Flickin’ Cars With Guns
Flickin’ Cars With Guns is to Hot Wheels what BrikWars is to Lego. Pitch Car meets Car Wars. Players move their cars by flicking them, and shoot their guns by more traditional means: dice and a tape measure. The base game is one page long and super simple. The Detours expansion replaces dice-rolling with marble-shooting, adds custom weapons, or turns FCWG into a drinking game. I only just discovered it, but I am going to play this very soon.

Floor Games
A city-building game using toys. Like analog SimCity on God Mode. Written by H.G. Wells. Yes, THAT H.G. Wells. No points or conflict or official goals. You’re just building and running a turn-of-the-century city. Includes two similar but distinct ways to play. Toys fall under 4 categories: People, bricks, boards/planks, and train stuff. Good for construction toys or, obviously, train-centric toy lines.
Note that the book was written in olden days and isn’t at all racially progressive.

Gaslands
Car Wars meets X-Wing. Players use maneuver templates to move around and through hazards and terrain. Includes scenarios inspired by Fury Road, Death Race*, and other masterpieces of cinema. This is a gamer’s game AND a modeller’s game. Unlike Flickin’ Cars With Guns, Gaslands’ rules are a bit crunchy and modding toy cars is part of the game. The designer occasionally publishes on Medium.
*That wasn’t sarcasm. Death Race is criminally underrated.

Little Wars
The militant side of Floor Games. A simple but fiddly wargame. Diceless. The default is Napoleonic war, but enterprising gamers can make it whatever. Melee combat is resolved with a simple calculation of forces. Cannon fire is resolved with toy cannons that, back in the day, actually shot pellets. Good for army men, Playmobil, and similar figures. Replace cannons with smaller (weaker) NERF guns or flick-able toys (marbles, checkers, etc.). Also consider Little Orc Wars.
Note that H.G. Wells was a pacifist. He hoped wargames would satiate the violent urges of men in power. I guess he wasn’t aware that wargaming was already a common and respected military practice at the time.

StikBash
My homebrew Stikfas game. Z-G meets marbles. As I mentioned in the article, you can use whatever toys you want, so long as they stand up well.

Stock Car Solitaire
Another non-violent option. A book of diecast racing scenarios, called Packages, that share some common rules. The author likens it to Hoyle’s Official Book of Games, but for diecast car racing. I can’t tell you if it’s good or not. I couldn’t find any reviews and the Amazon preview is short. You’ll have to research this yourself, but the book is obviously a labor of love.
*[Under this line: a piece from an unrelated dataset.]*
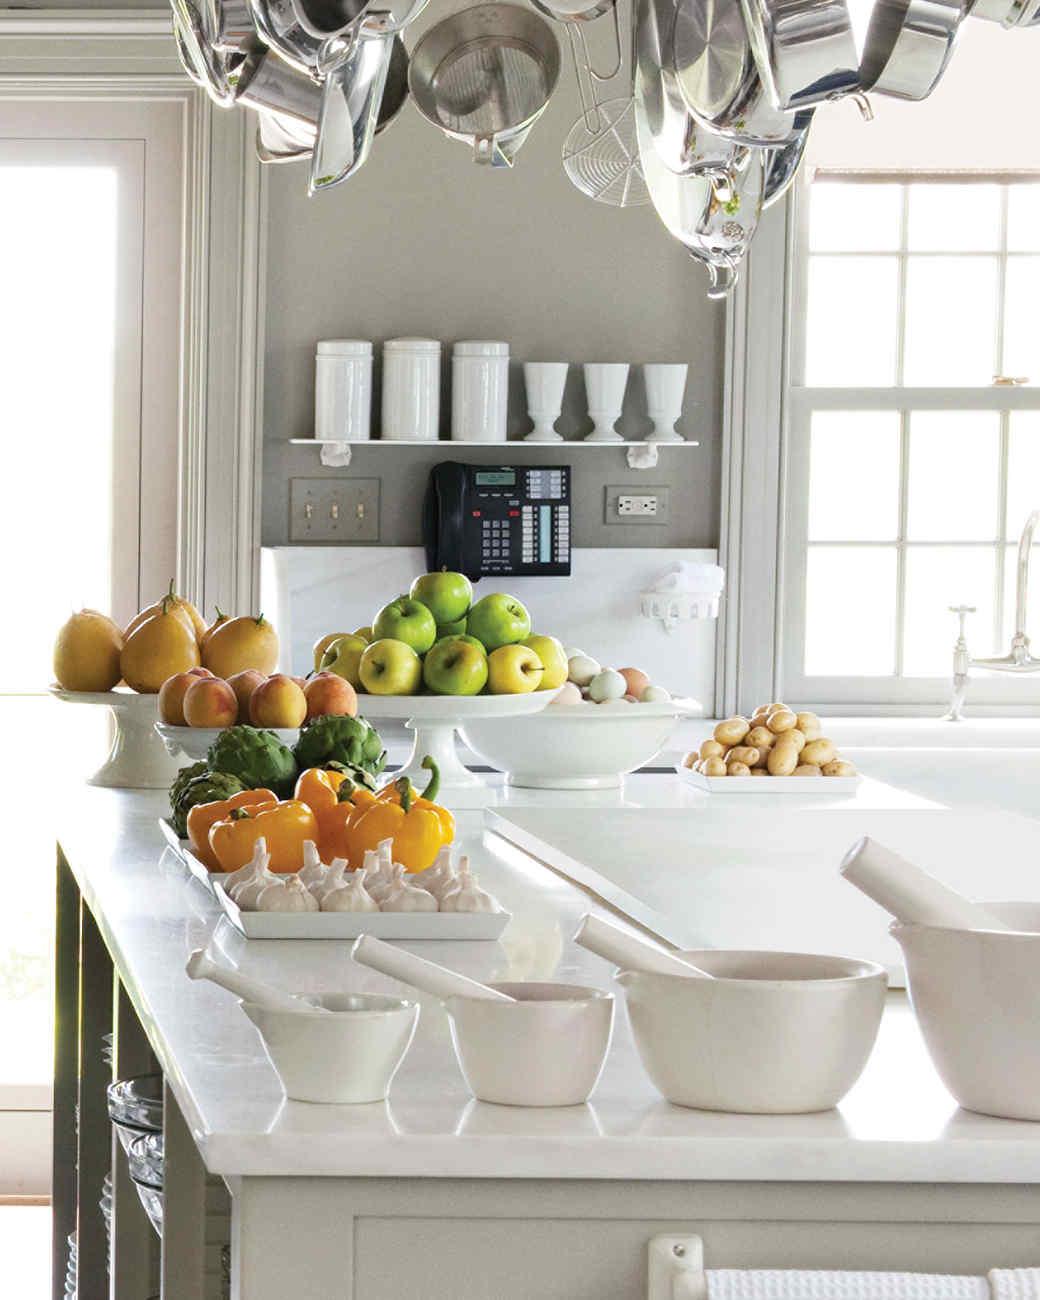 md106031_0910_kitchen_hanging_fruits.jpg

You don’t have to use diecast cars, but this is meant for Hot Wheels and Matchbox lovers. You’ll need 60-ish cars.

Toymallet 40¢
40K for people who lack time and money. Inspired by the designer’s angst over how expensive 40K models are. The generic “Lengths” means it can handle anything from meeples to Star Wars toys. Killing, driving back, and pinning enemies net you Happy Time Fun points. So does holding objectives. Whoever has the most HTF points at the end of six turns wins. The HTF rules plus the Tactical Point mechanic make this parody a solid wargame.

Toy War
Toy Story re-imagined for the Adult Swim audience. Simple wargame for larger and more varied kinds of toys. Slinkys, Barbies, dump trucks, etc. Uses one stat based on size. Different types of toys have different abilities. Not all that deep, but a good excuse for Elsa to fight sentient Tonka trucks. I owned the black-and-white edition ages ago but never played it. Can’t remember who I loaned it to, but I will track them down and make them pay.
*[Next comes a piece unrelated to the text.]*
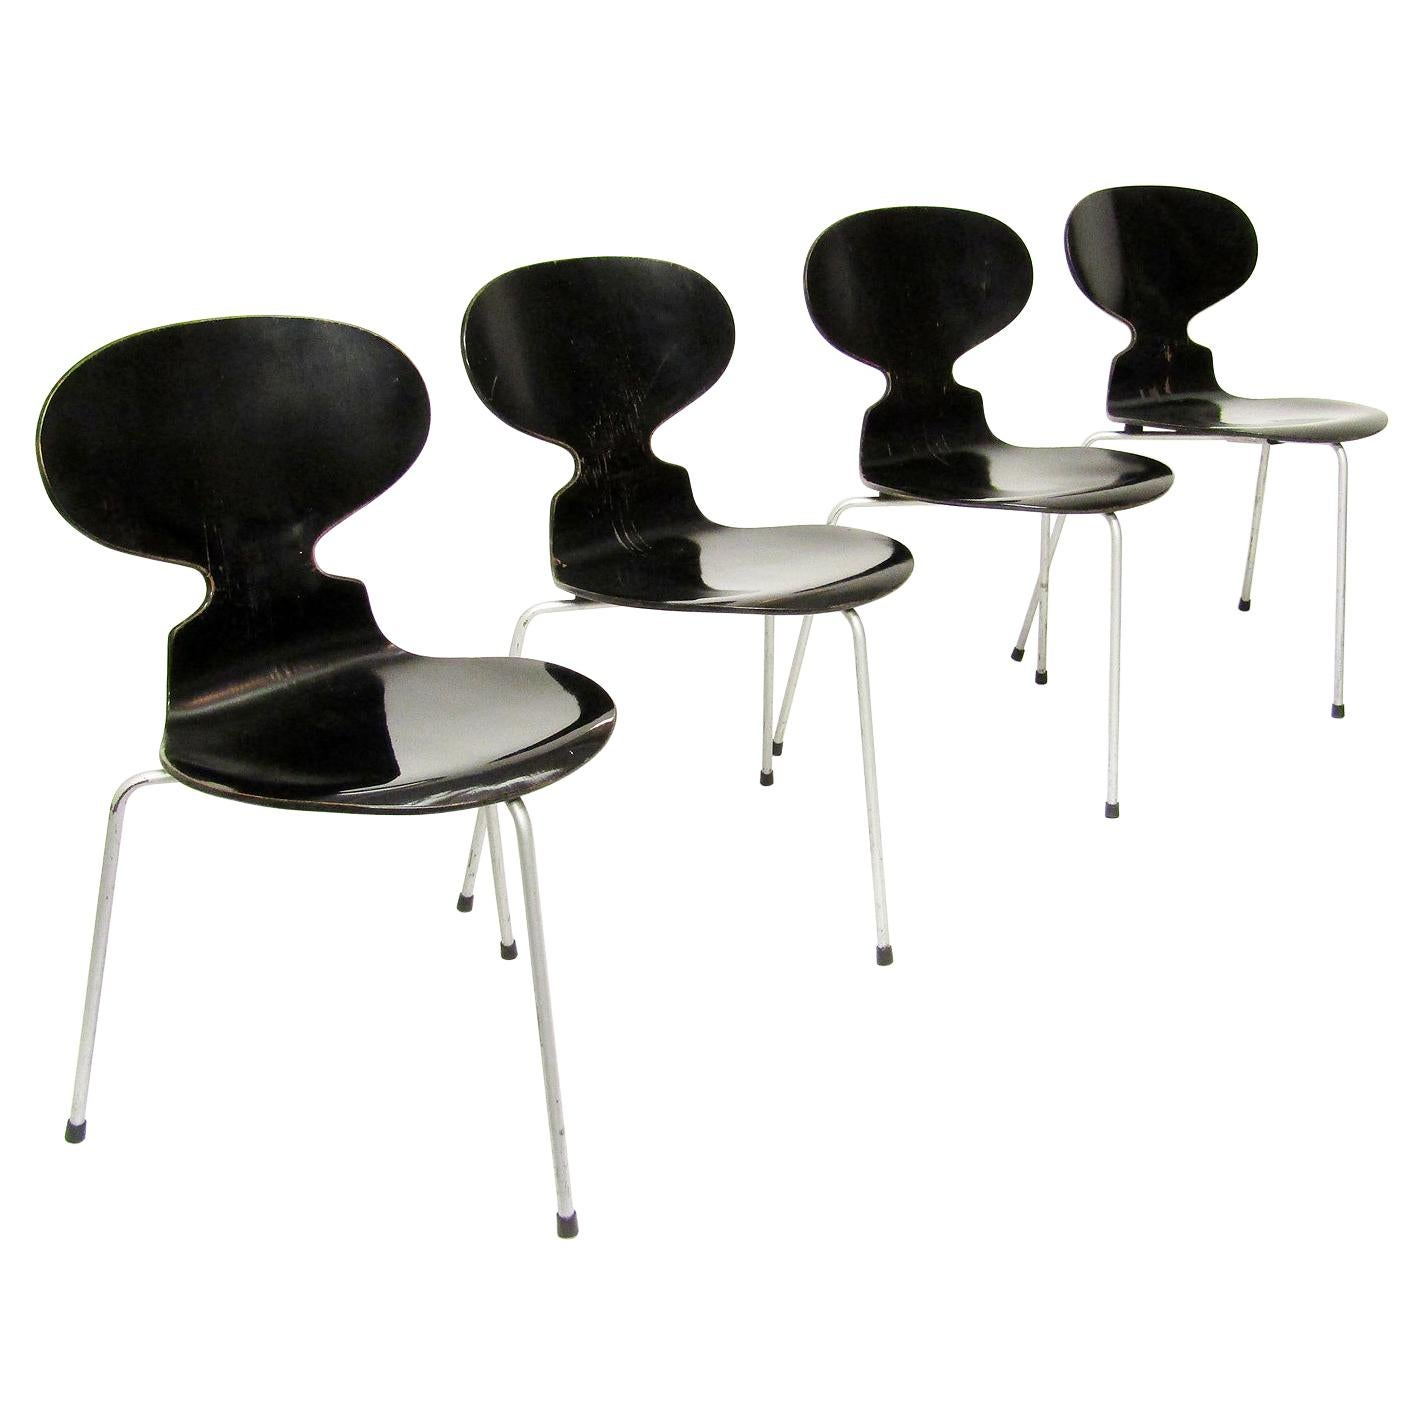 Set of Four Black 1950s Danish Ant Chairs by Arne Jacobsen for Fritz Hansen

Proxy and Hack Out-of-Print Toy Games
There are a lot of dead toy-based games you can steal ideas from: Z-G, Attacktix, Shadowrun: Duels, Xevoz, Crossbows and Catapults, Star Wars Galactic Heroes Game, Star Wars: Galactic Battle Game, GI Joe Micro Force, and so on. The rulebooks are probably out there as PDFs. You’re going to have to hack some rules and, obviously, components. Anyone thinking about going this route won’t find it a problem.